A toolkit for matrix factorization of soundscape spectrograms into independent streams of sound objects, possibly representing individual species or independent group behaviours.
The method employs shift-invariant probabilistic latent component analysis (SIPLCA) for factoring a time-frequency matrix (2D array) into a convolution of 2D kernels (patches) with sparse activation functions.
Methods are based on the following:
Smaragdis, P, B. Raj, and M.V. Shashanka, 2008. Sparse and shift-invariant feature extraction from non-negative data. In proceedings IEEE International Conference on Audio and Speech Signal Processing, Las Vegas, Nevada, USA.
Smaragdis, P. and Raj, B. 2007. Shift-Invariant Probabilistic Latent Component Analysis, tech report, MERL technical report, Camrbidge, MA.
A. C. Eldridge, M. Casey, P. Moscoso, and M. Peck (2015) A New Method for Ecoacoustics? Toward the Extraction and Evaluation of Ecologically-Meaningful Sound Objects using Sparse Coding Methods. PeerJ PrePrints, 3(e1855) 1407v2 [In Review]
In [1]:
from pylab import * # numpy, matplotlib, plt
from bregman.suite import * # Bregman audio feature extraction library
from soundscapeecology import * # 2D time-frequency shift-invariant convolutive matrix factorization
%matplotlib inline
rcParams['figure.figsize'] = (15.0, 9.0)
In [2]:
sound_path = 'sounds'
sounds = os.listdir(sound_path)
print "sounds:", sounds
In [3]:
N=4096; H=N/4
x,sr,fmt = wavread(os.path.join(sound_path,sounds[0]))
print "sample_rate:", sr, "(Hz), fft size:", (1000*N)/sr, "(ms), hop size:", (1000*H)/sr, "(ms)"

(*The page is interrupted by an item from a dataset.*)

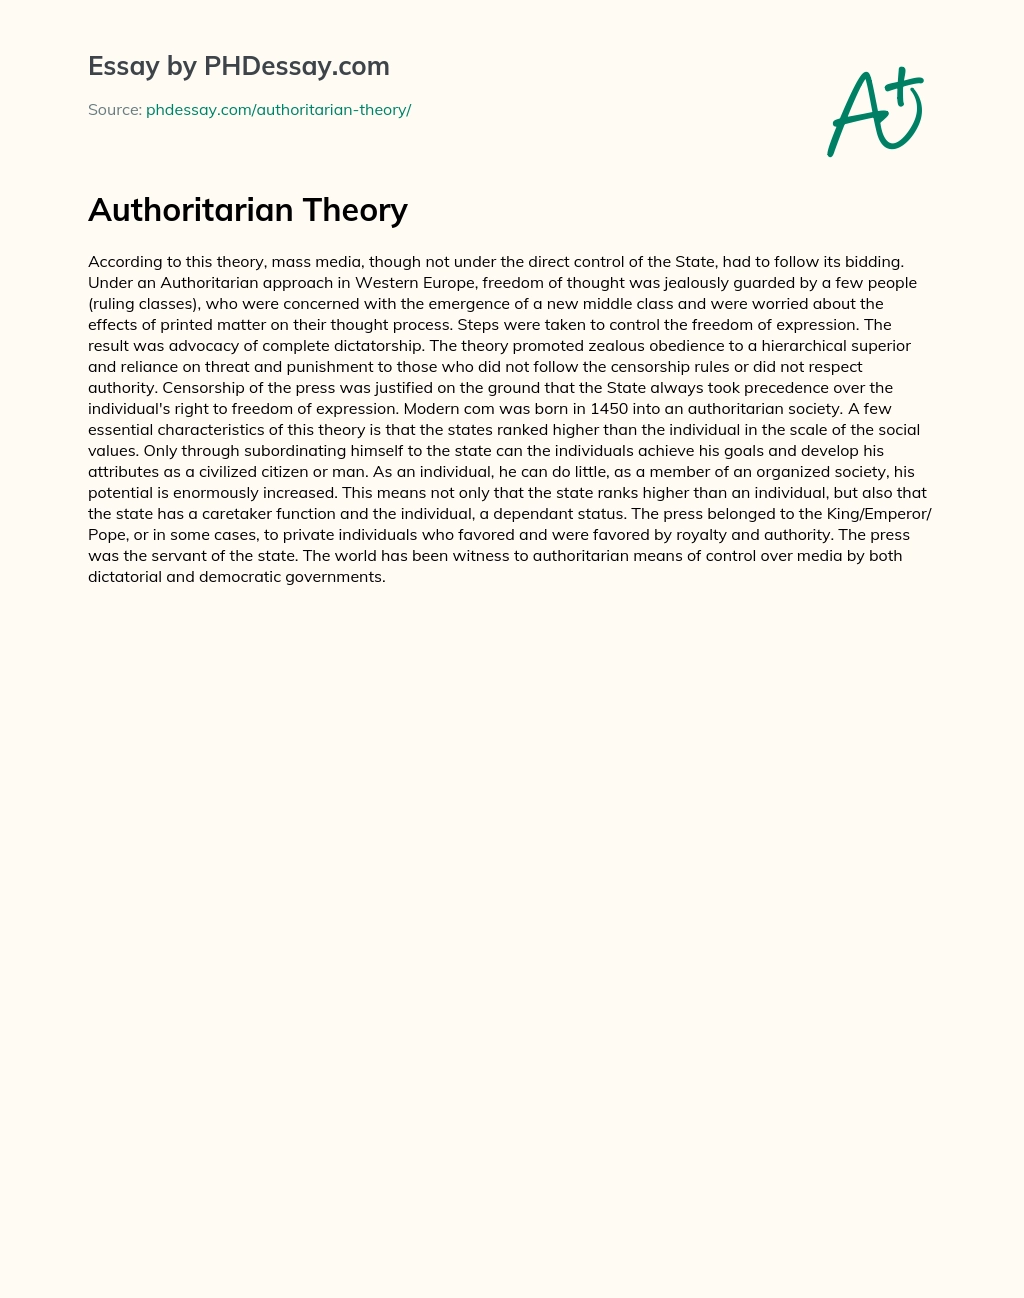 Authoritarian Theory essay
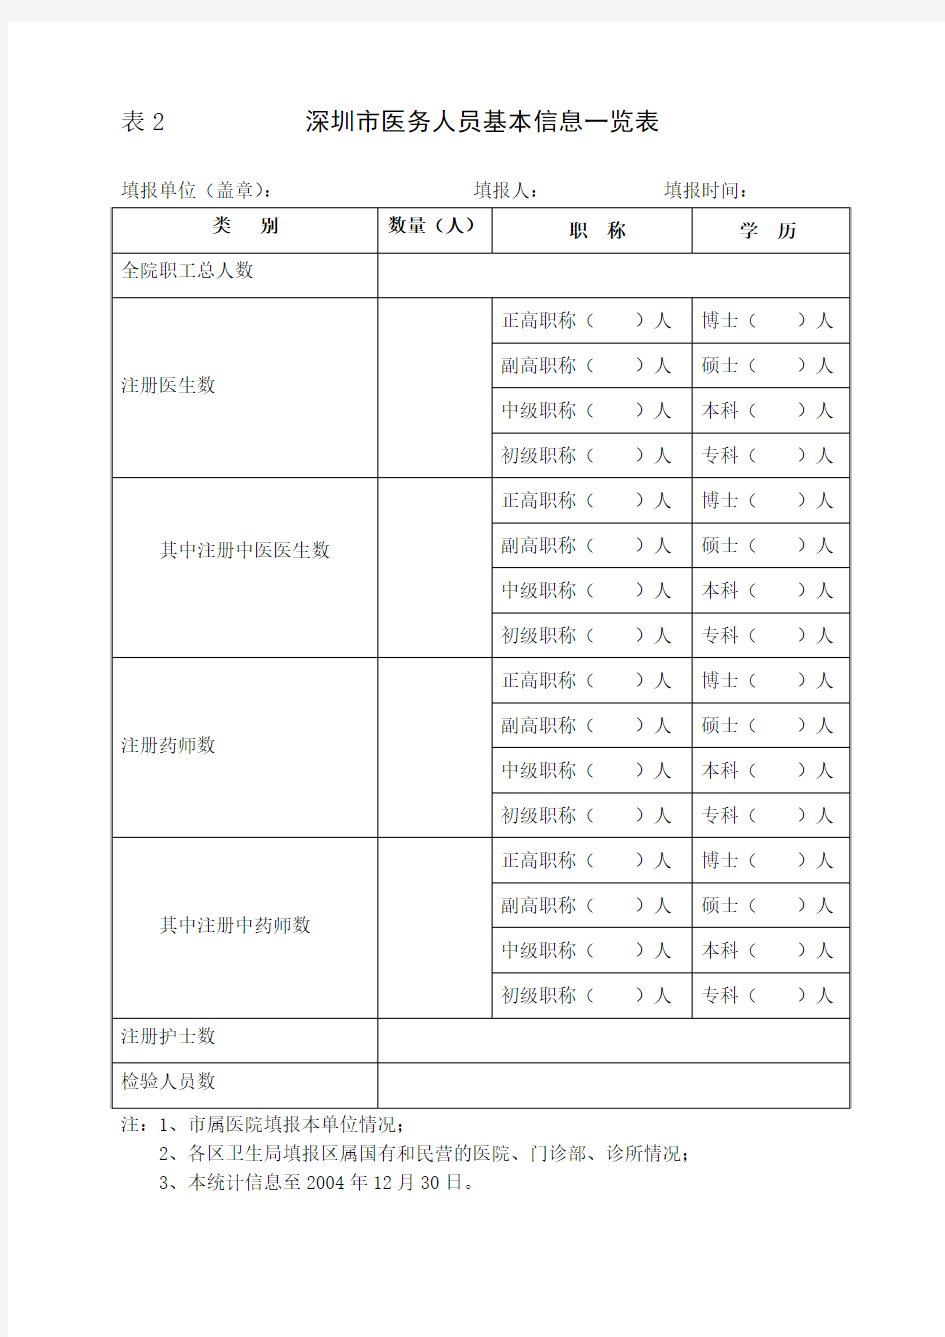 深圳市中医医疗机构基本信息一览表(精)

SoundscapeEcology methods:
load_audio() - load sample of a soundscape recording
sample_audio_dir() - load group sample from multiple recordings
analyze() - extract per-species?? time-frequency partitioning from loaded audio
visualize() - show component spectrograms
resynthesize() - reconstruct audio for component spectrograms to sonify
model_fit_resynhesize() - generative statistical model of time-shift kernels
summarize() - show soundscape ecology entropy statistics
SoundscapeEcology static methods:
batch_analyze() - multiple analyses for a list of recordings
entropy() - compute entropy (in nats) of an acoustic feature distribution
gen_test_data() - generate an artificial soundscape for testing
Workflows:
[load_audio(), sample_audio_dir()] -> analyze() -> [visualize(), resynthesize(), summarize()]
In the following example we will:
In [4]:
# 1. Instantiate a new SoundscapeEcololgy object using the spectral analysis parameters defined above
S = SoundscapeEcology(nfft=N, wfft=N/2, nhop=H)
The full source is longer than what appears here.